Daycab and construction trucks behave differently than highway tractors in the used commercial truck market, say analysts at NADA Used Car Guide, a division of J.D. Power and Associates. The NADA report says that last year the typical used daycab vehicle sold at retail when it was just over 100 months old and had 425,000 miles.
This means daycabs are 28 months older with 65,000 fewer miles than the typical sleeper tractor. Original owners hold on to daycabs longer than sleepers, and they accumulate fewer miles per year.
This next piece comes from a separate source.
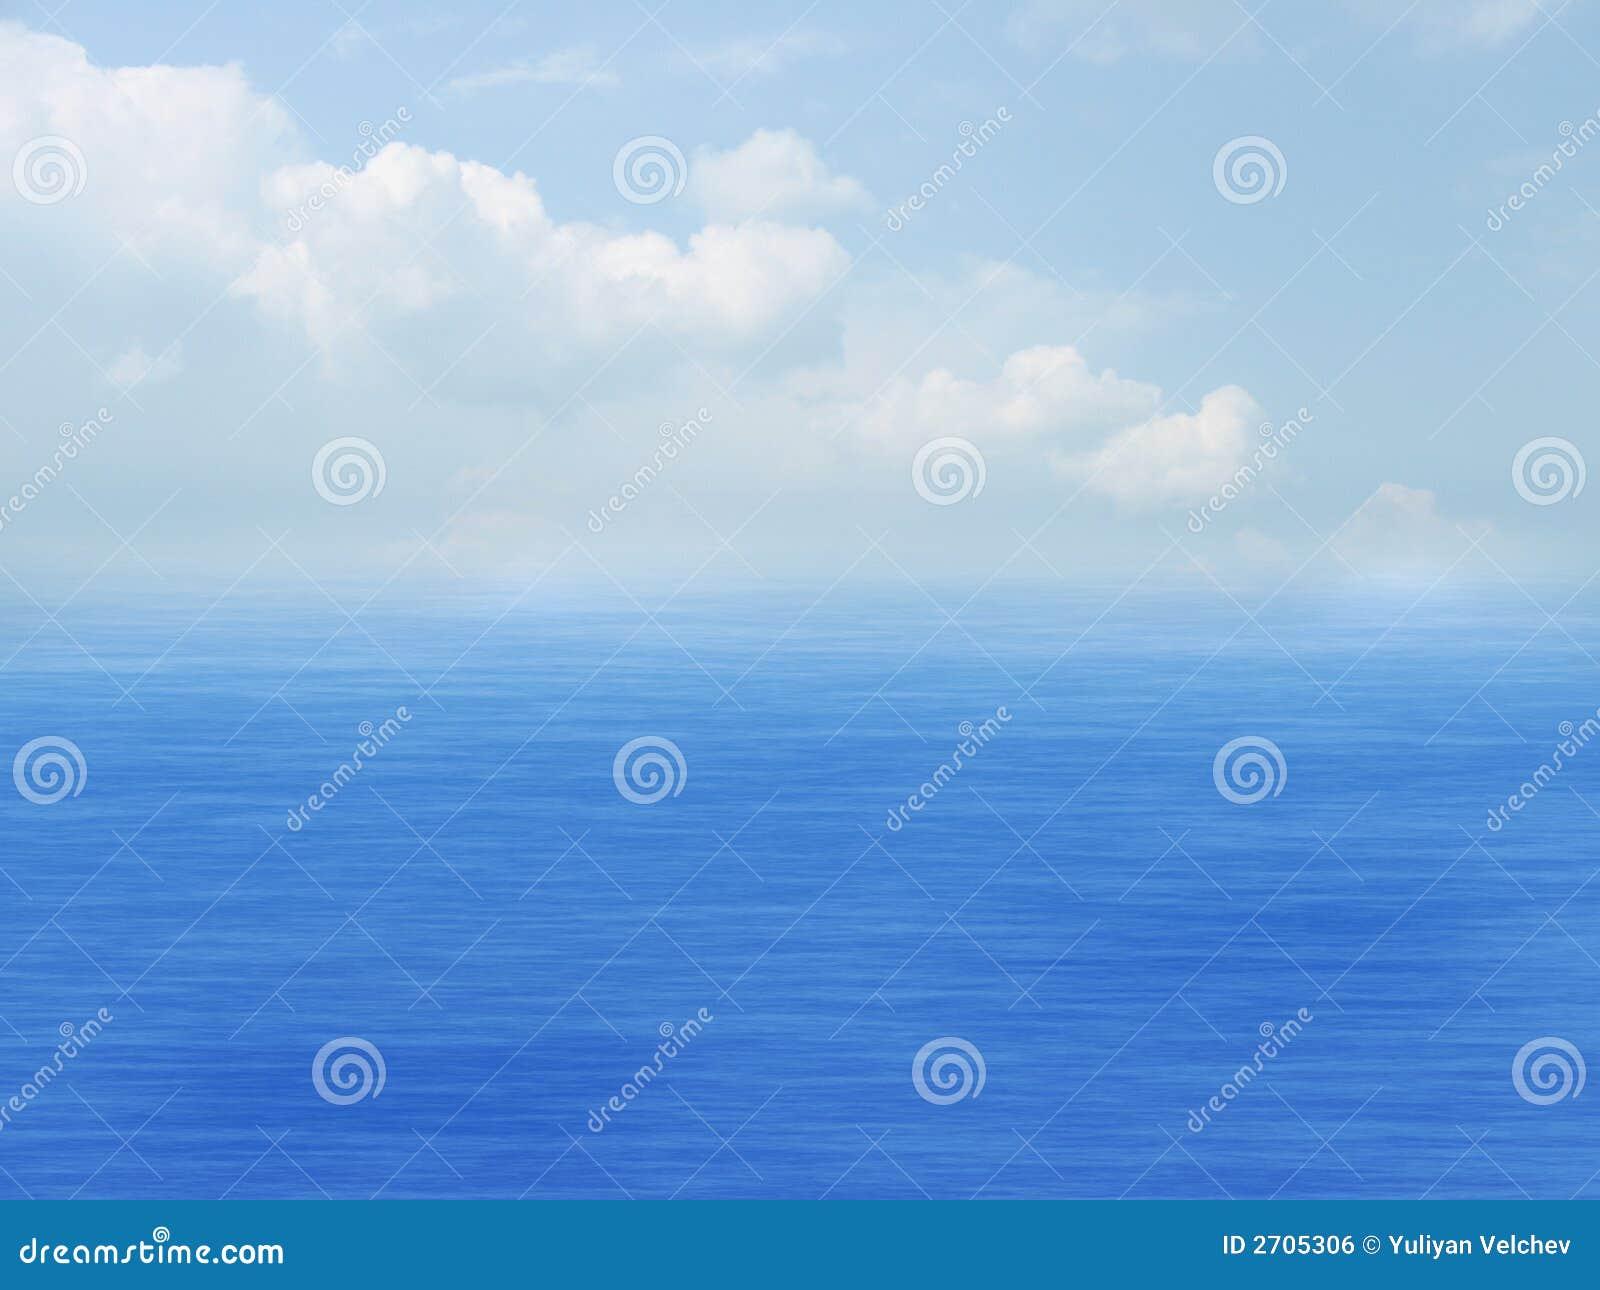 Sea, sky and clouds

Adjusted for mileage, 3- to 5-year-old daycabs sold for an average of 8% less money than their sleeper counterparts, all else being equal, said Chris Visser, senior commercial truck analyst at NADA Used Car Guide.
Like highway tractors, daycabs have become more plentiful, which has, or will, reduce prices for buyers. On the other hand, demand also seems somewhat less.
"The devaluation in the wholesale channel has not yet fully carried over to the retail channel,” Visser said. “We expect this price difference to shrink going forward due to the widening supply gap between sleepers and daycabs."
The January report summed up the market performance of construction trucks during 2015 as being very similar to their run in 2014. On average, the typical construction truck sold in 2015 was 128 months old and had just over 250,000 miles.
Compared to 2014, trucks sold were 8 months newer and had about 35,000 fewer miles. Universal average pricing was nearly identical, at just over $63,000 in both years. Overall, there were about 7% fewer construction trucks sold in 2015 than 2014.
Trucks of model year 2007 saw the highest sales volume in both periods, mainly because the period was the last high-build year before the recession. Availability of newer trucks improved in 2015, with the 2009 and 2010 model years seeing the most notable increase year over year.
This increased supply resulted in notable price erosion for 6- and 7-year-old trucks. The average 6-year-old construction truck in 2015 brought 6.6% less money compared to 2014, while the average 7-year-old unit brought 7.4% less.
The report concludes availability of newer trucks should continue to improve, as the higher-build 2012 and 2013 model years continue to return to the secondary market in greater numbers. Demand for construction trucks by sector should run slightly behind 2015 over the next few quarters due to slowing economic conditions.